Travel and access to new ways of life also prompted people to reconsider what matters in life. 

“Clients travelled extensively before Covid and they know that life can go at a different pace,” Xiao said.

“Hywin wants to view health as a value proposition, and it is a new dimension in client engagement and not an afterthought.”

The term “health management” relates to lifestyle advisory, health guidance, preventive screening, medical advice, anti-aging regimes, and the delivery of solutions and programmes through inhouse resources or through referrals to carefully selected providers in China, US, Japan, and other countries. 

Xiao agreed that health management is also part of the risk management approach that is essential for a smart wealth management firm.

The firm’s 137,000 wealthy clients create a lot of demands for this sort of service.

Xiao said that a preventative approach is important part of the new approach: “Your health requires management because you can otherwise have an issue that needs intervention.”
 


Preparation
Hywin has examined the healthcare sector for more than two years to get its strategy right, analysing a mass of sub-sectors and business models. For example, it is working with FactSet to build a healthcare index.

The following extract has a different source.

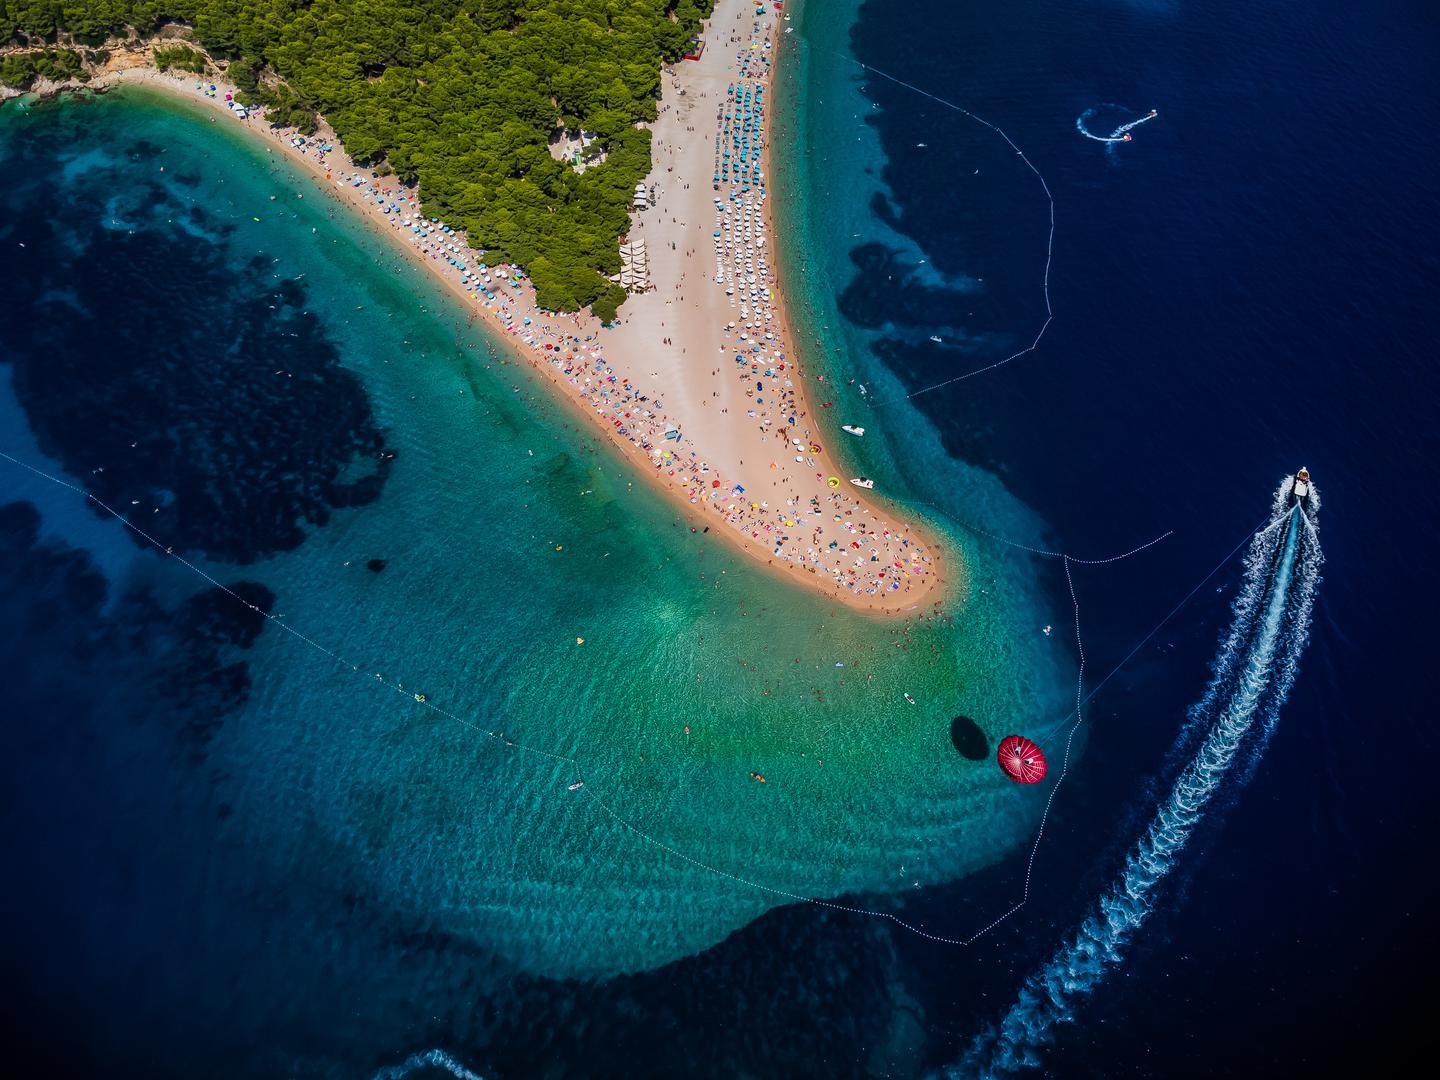 Ne samo da je more u Hrvatskoj čisto i plavo, ono je i najčišće u Europi. Prema podacima Europskog statističkog ureda, Hrvatska je na prvom mjestu po broju kupališta s vodom izvrsne kvalitete. Za više od 99% plaža diljem Hrvatske ocijenjeno je da imaju izvrsnu kakvoću mora za kupanje. Iza Hrvatske slijede Malta s 96,6% i Grčka s 95,8%.

“We have got a large base of substantive and validated in-house knowledge,” Xiao said. 

“Clients will say that `you already have so much info about my family’. We can therefore map out a family’s members, their footprint, their health situations, and their life aspirations. Wealth managers are gatekeepers.”

Why is Hywin taking this step when other wealth firms don’t appear to be doing so?

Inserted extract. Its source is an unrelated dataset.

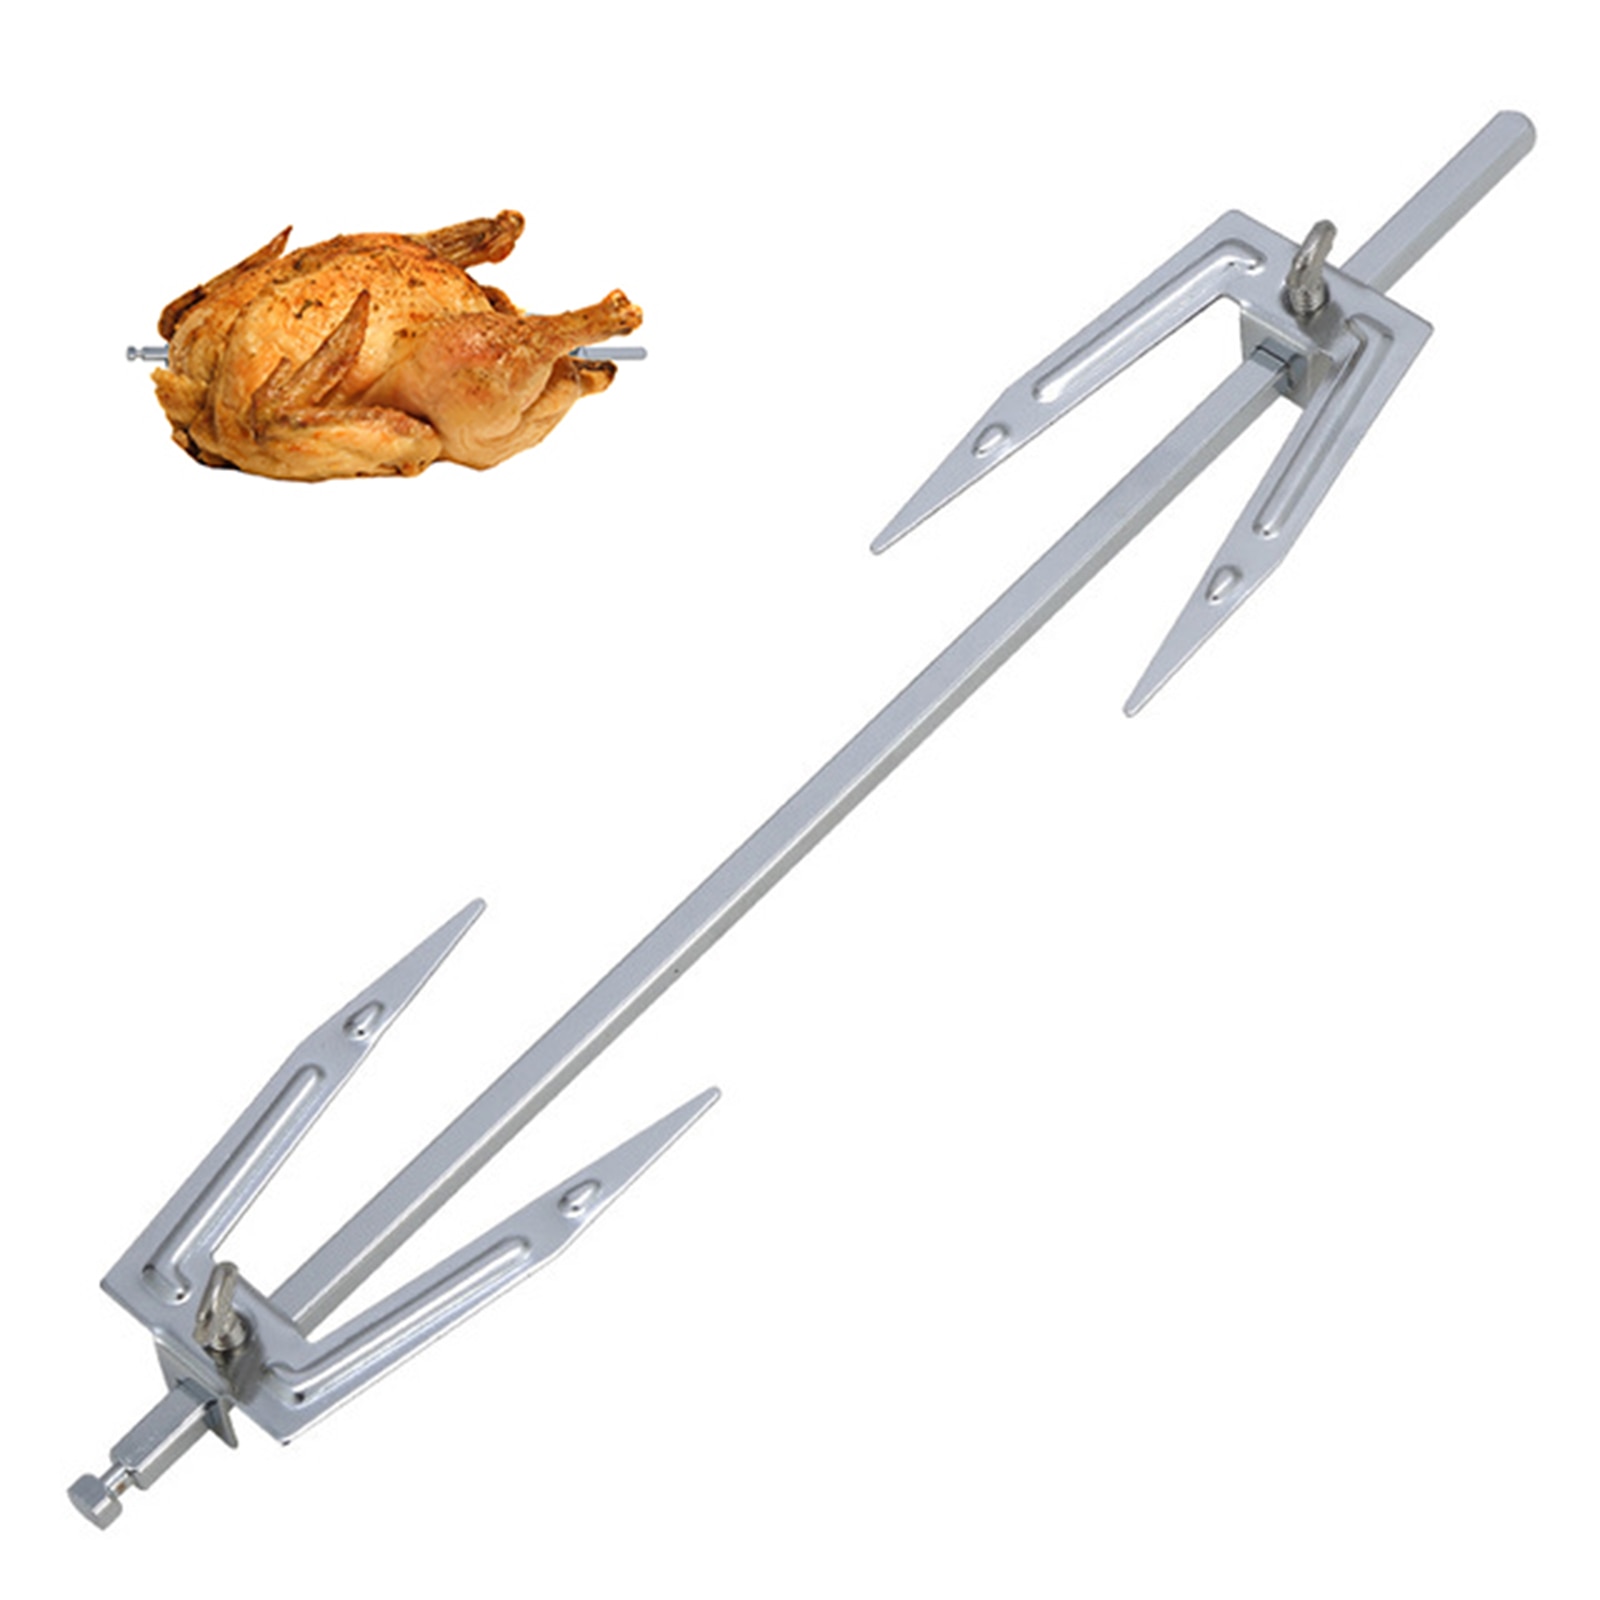 Air frituregrej rotisserie tilbehør grillet kyllingegaffel rustfrit stål stegt kyllingegaffel rotisseriedele 27.7cm længde

“This is a technical domain, and you cannot do it in a superficial manner. It takes a level of ownership and conviction and learning efforts about a new domain,” Xiao said. Some private banks have referral programmes around healthcare, but don’t get more closely involved in tracking or talking about healthcare requirements and ideas with clients, and even less in delivering real solutions, he explained.

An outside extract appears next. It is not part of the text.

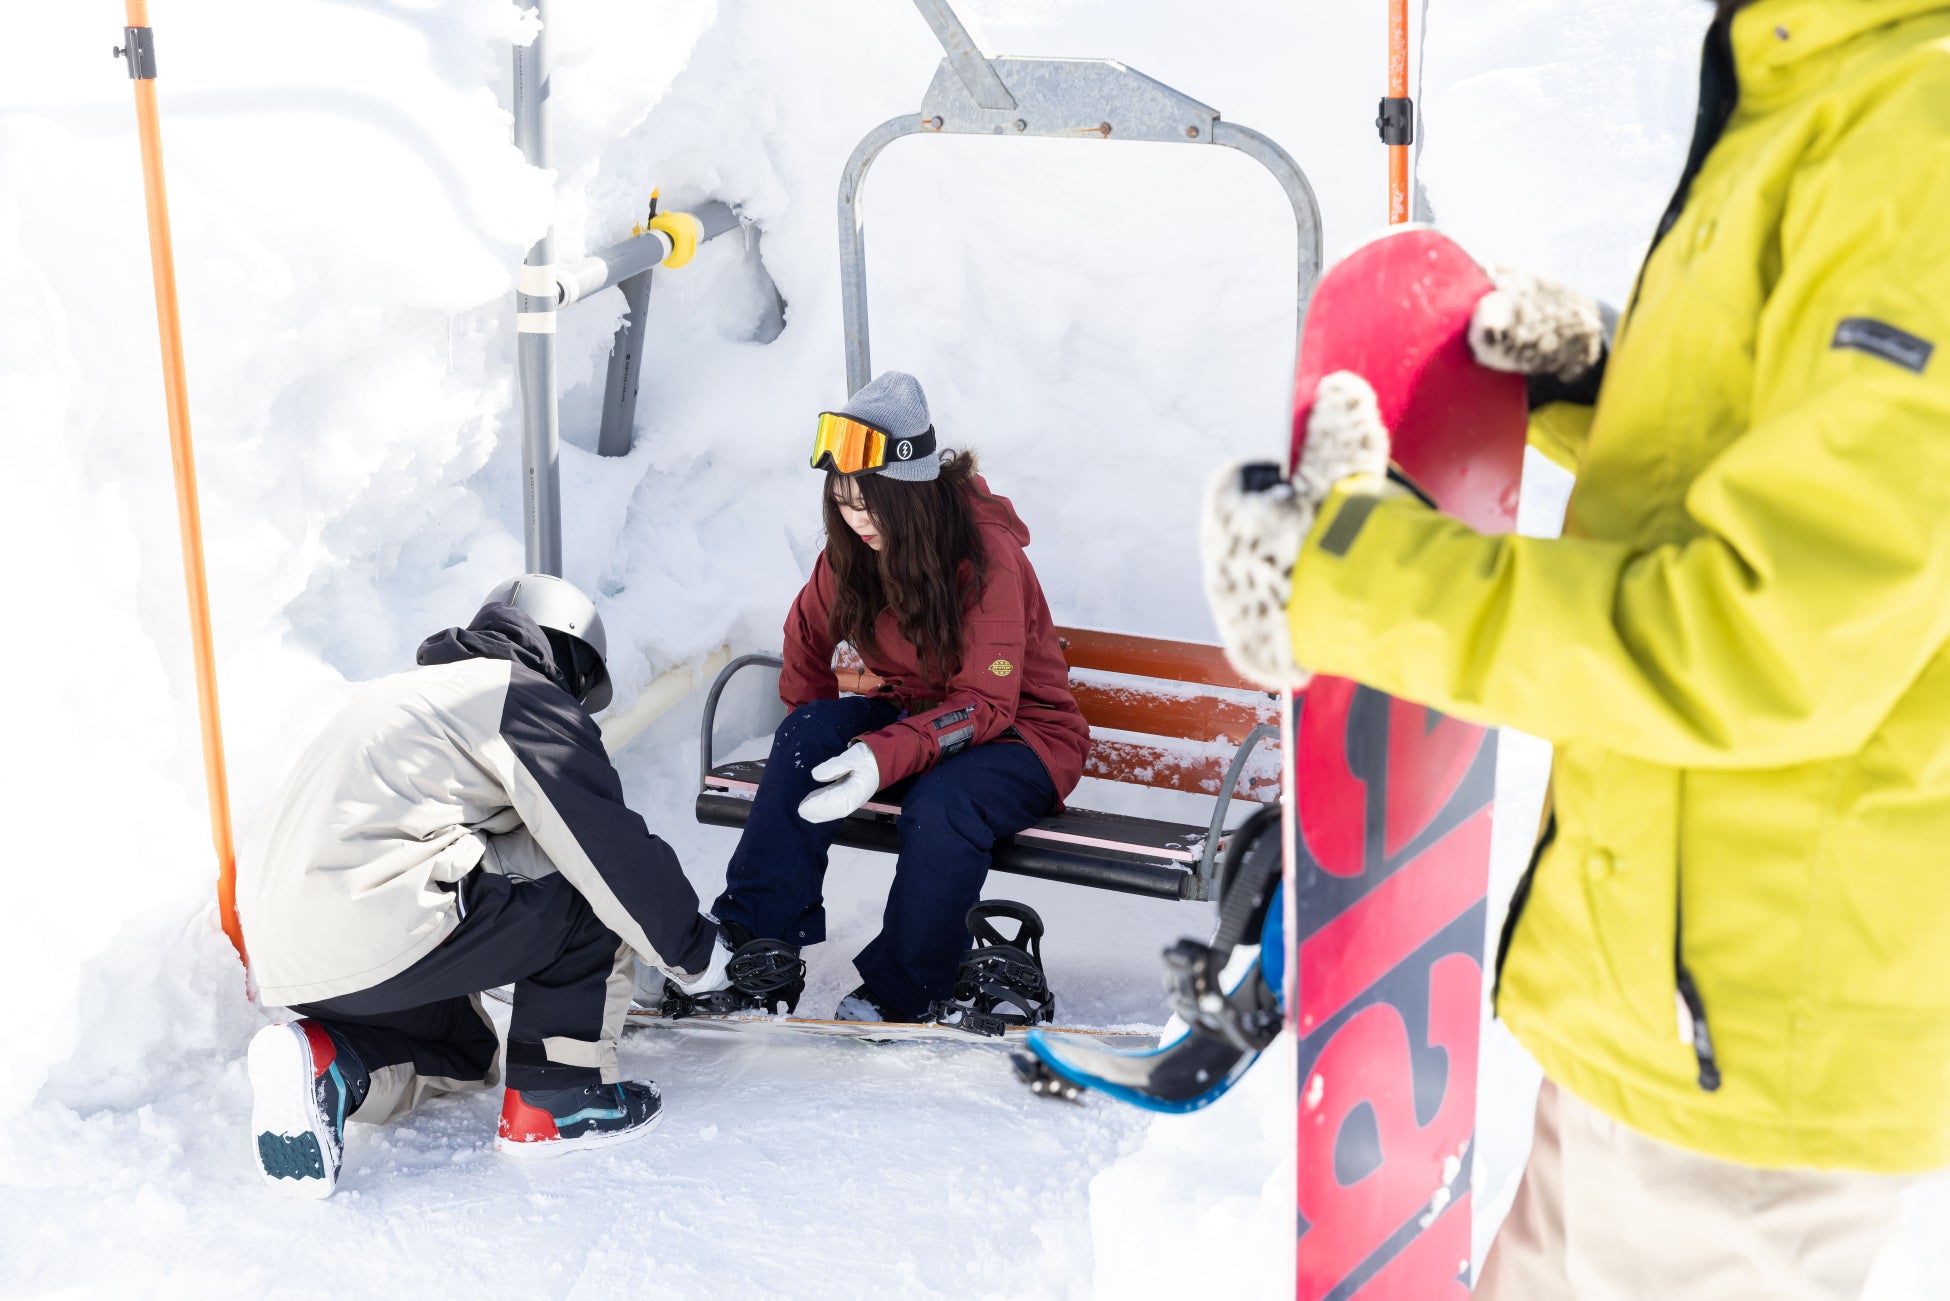 大人も子どももスノーボードデビューなら竜王スキーパーク！毎日開催無料スノボ―デビューレッスンで、初めてを徹底的にサポートします！

“A health conversation is not an Art Basel conversation. Once client interest is ignited, you must follow through. You must genuinely care.” (He referred to the global programme of arts exhibitions under the Art Basel programme. UBS, among other firms, has worked with it.) 

One benefit of being a wealth manager is that they can talk to HNW clients about health issues, perhaps, in ways that might ironically be harder for a person with a doctor because a client advisor has spent so much time knowing their family and the empathy and trust would be natural and strong. And privacy will be guarded with the same discretion that wealth managers are known for, Xiao said. 

Hywin is training staff to look out for health issues with clients, how to frame conversations and explain solutions. They can compare activity plans of clients. It makes them better informed bankers and advisors, he said. “I see lots of opportunity for learning and collaboration.”

 

Adding value
Hywin is confident in the systemic client value to be created through Life Infinity’s proposition.

“Life Infinity has been dealing with demanding and discerning clients for a decade and was applauded for its excellence and devotion,” Xiao said. 

This news service asked Xiao how, given the added complexity that comes with such an acquisition, it aims to keep the structure as simple as possible?

“Hywin Holdings already has businesses across wealth management, asset management, insurance brokerage, fiduciary services, and financial technology. The new element of health management extends the firm’s scope but is still guided by the Hywin values: client centricity, humility, passion, and teamwork. Every new business will be a strategic module, with its characteristics, but always part of a vibrant and collaborative eco-system,” he added.